Metformin reverses established lung fibrosis in a bleomycin model

Abstract

Fibrosis is a pathological result of a dysfunctional repair response to tissue injury and occurs in a number of organs, including the lungs¹. Cellular metabolism regulates tissue repair and remodelling responses to injury^2-4. AMPK is a critical sensor of cellular bioenergetics and controls the switch from anabolic to catabolic metabolism⁵. However, the role of AMPK in fibrosis is not well understood. Here, we demonstrate that in humans with idiopathic pulmonary fibrosis (IPF) and in an experimental mouse model of lung fibrosis, AMPK activity is lower in fibrotic regions associated with metabolically active and apoptosis-resistant myofibroblasts.
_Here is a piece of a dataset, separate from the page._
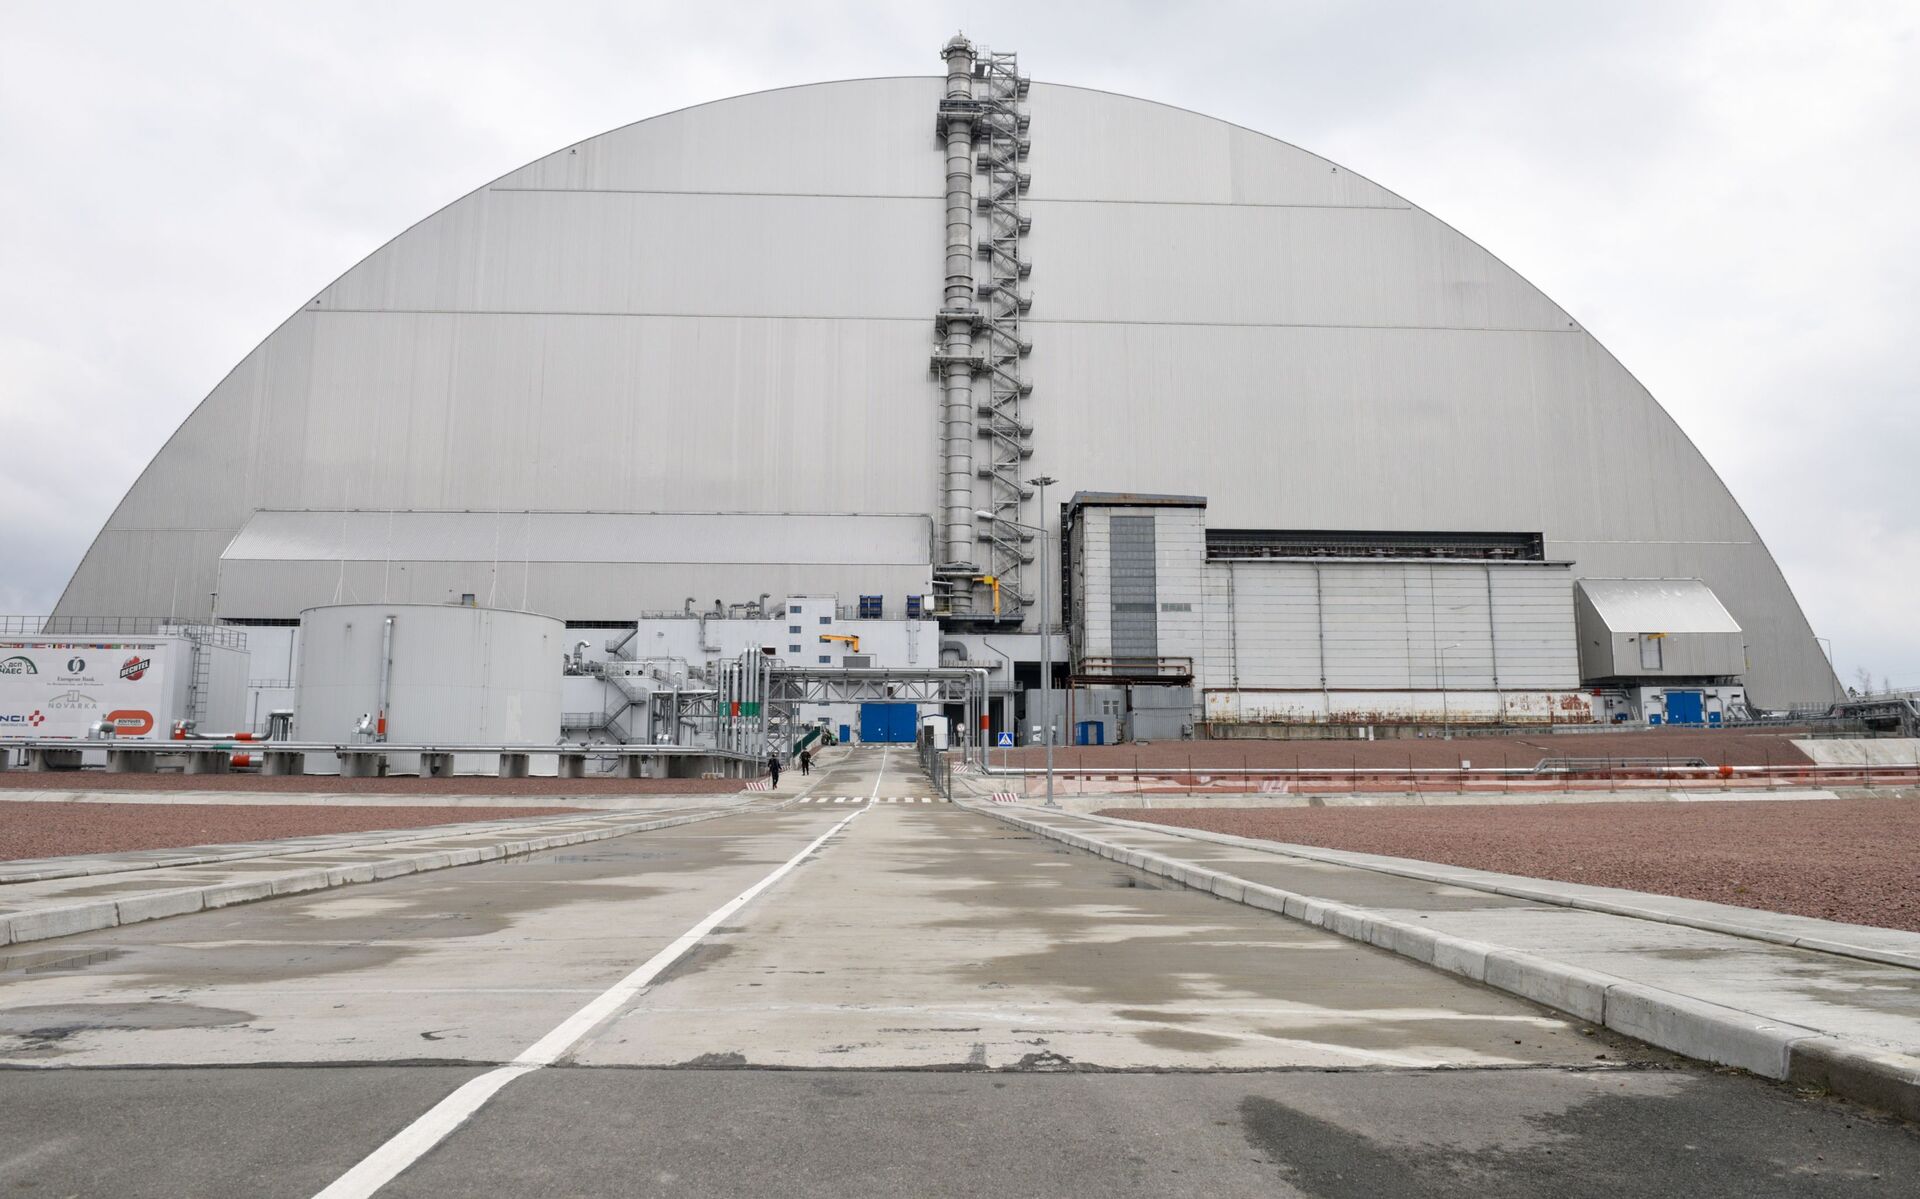 Nova catástrofe à vista? Cientistas estão assustados com 'incertezas' na usina nuclear de Chernobyl - Sputnik Brasil, 1920, 18.05.2021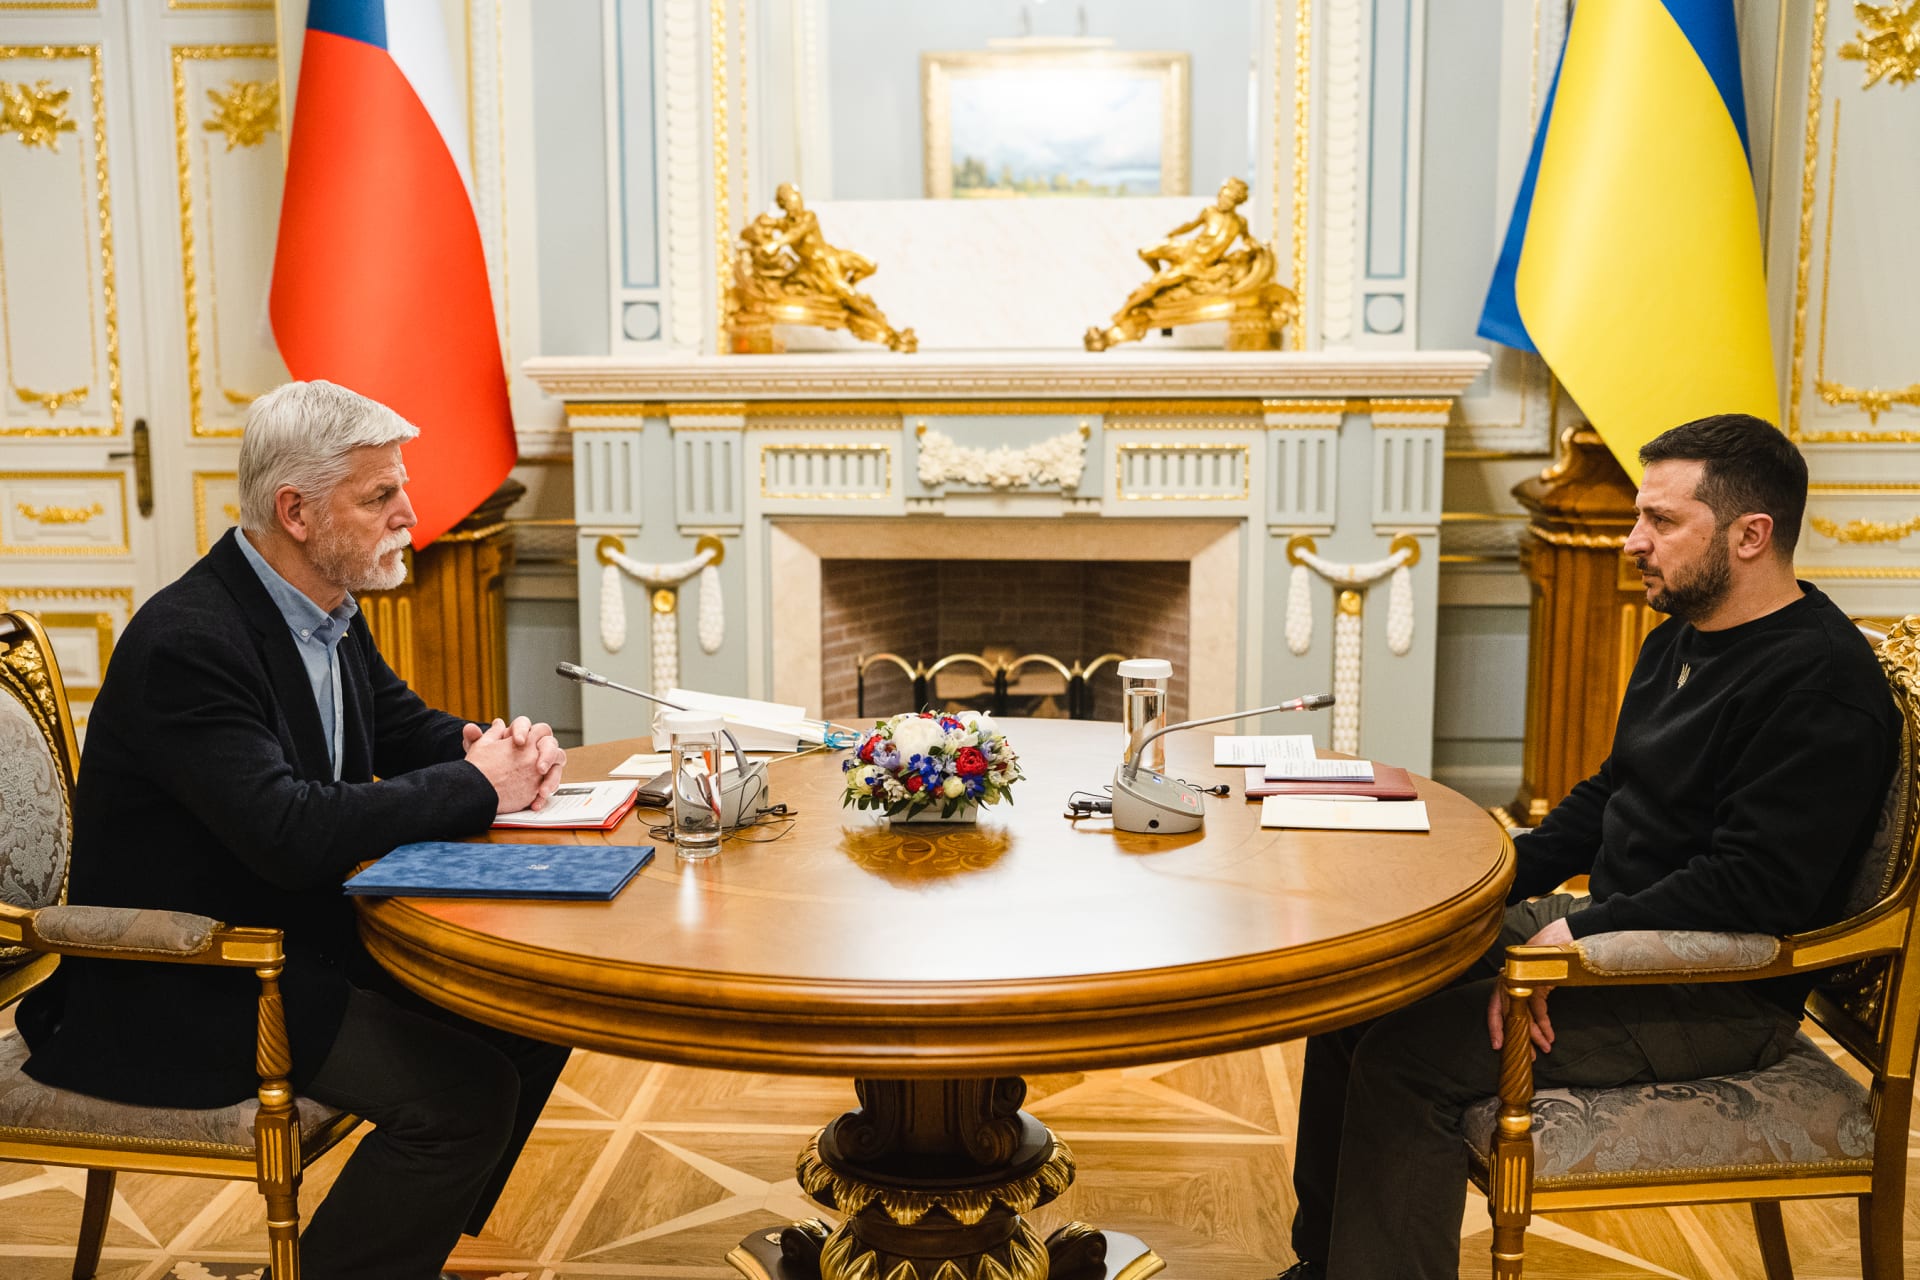 Prezident Pavel se setkal se svým protějškem Volodymyrem Zelenským.

Pharmacological activation of AMPK in myofibroblasts from lungs of humans with IPF display lower fibrotic activity, along with enhanced mitochondrial biogenesis and normalization of sensitivity to apoptosis. In a bleomycin model of lung fibrosis in mice, metformin therapeutically accelerates the resolution of well-established fibrosis in an AMPK-dependent manner. These studies implicate deficient AMPK activation in non-resolving, pathologic fibrotic processes, and support a role for metformin (or other AMPK activators) to reverse established fibrosis by facilitating deactivation and apoptosis of myofibroblasts.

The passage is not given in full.